Все сходились на одном: кто-то специально насолил Греке. Но кто? Когда? И как проник в запертый класс?..

Да-а, было отчего поломать голову…

Котька (он тоже не спешил, в класс пришел минут за пять до звонка) стоял возле своей парты и лишь растерянно хлопал глазами. Я-то хорошо понимал, чему он удивляется. Увидев меня, Котька сунул портфель-в парту и сделал незаметный знак, чтобы я отошел.

У меня мелькнула озорная мысль: открыться Котьке — очень уж вид у него был оторопелый, просто обалдел человек от изумления, но я все же не решился доставить себе такое удовольствие.

— Сам ничего не понимаю. — Я широко развел руки и скорчил преглупую рожу. — Ладно, покрасили. Хорошо. Но почему вашу…

— Будто нарочно. — Котька с тоской посмотрел на свою предпоследнюю парту в углу, а потом испуганно спросил: — Еще не приходил?

— Пока нет. — Я взглянул в окно. И тут же едва не вскрикнул: — Идет!

Через заснеженную улицу к школьным воротам торопливо шагал Грека.

Побледневший Котька секунду глядел на него и вдруг вцепился в рукав моей куртки:

— Слушай, а если пересяду на его место?

— А он — на твое?.. Правильно! — одобрил я. — Все не так будет злиться…

Котька еще не успел переложить портфель в Грекину половину парты, а высокий сугробик на карнизе окна уже скрыл от моих глаз знакомую фигуру. Я приподнялся на носки, вытянул шею — поздно. В эту секунду Грека, наверное, входит в гардероб, на ходу сбрасывая пальто. Через минуту будет здесь.

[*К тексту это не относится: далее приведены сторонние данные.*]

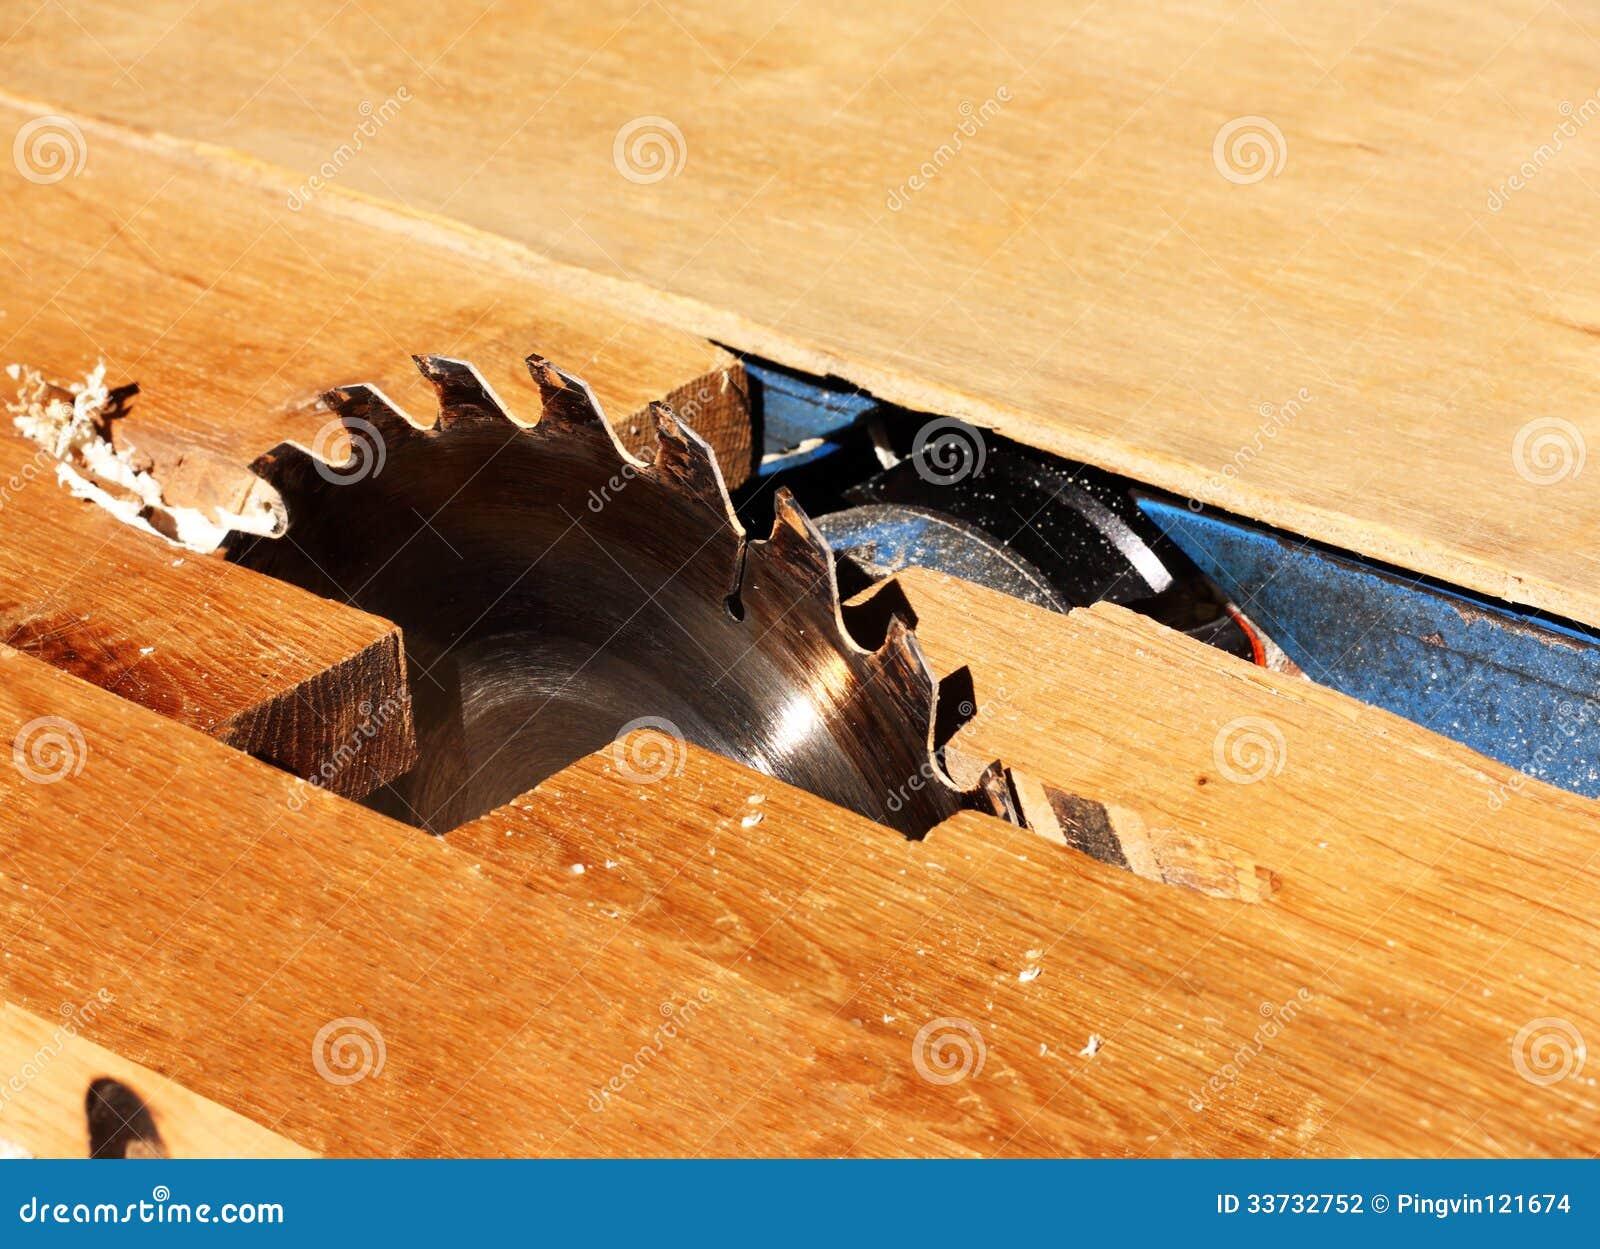 Машина sawing для обработки древесины

Что делать? Как вести себя?.. Оказывается, к этому я не был готов. А секунды бегут… Я шмыгнул к своей парте. Сижу, оцепенел, взгляда от двери не отрываю.

Минута. Вторая пошла… Где же он? Снова открылась дверь. Я больно вцепился пальцами в собственные коленки. Но нет, это Марина. Мел принесла из учительской. Марина улыбнулась. Не просто улыбнулась, а мне. Специально. Я это видел. Под стеклами очков глаза ее на миг сузились, словно подмигнули мне — дружески и спокойно. И вдруг я понял: это Грека должен дрожать и бояться.

Выскочив из-за парты, я поспешил к двери. Греку увидел в конце коридора. Странно: от его торопливости не осталось и следа. Шел медленно и, похоже было, чего-то выжидал. Ага, трусит!

Увидев меня, Грека прибавил шагу.

— Ну, как там? — тихо и настороженно спросил он и показал глазами на дверь класса. — Директор там? Шумит?

— Иди, не бойся. Парты без нас снова покрасили.

— Да ну! — вырвалось у Греки, и уголки губ его поползли к ушам. Не иначе как от радости. — Когда покрасили? Кто?

— Я почем знаю.

— Значит, тихо пока?

— Пока…

— Все равно станут допрашивать… Пускай! — Грека с облегчением засмеялся. — Попробуй докопайся теперь.

— Не радуйся… — Я словно занес над Грекой ушат холодной воды. Оставалось вылить воду. И я сделал это: — Кажется, уже докопались…

Он испуганно вытаращил глаза.

— Твою парту оставили, как была. Все покрасили, а твою…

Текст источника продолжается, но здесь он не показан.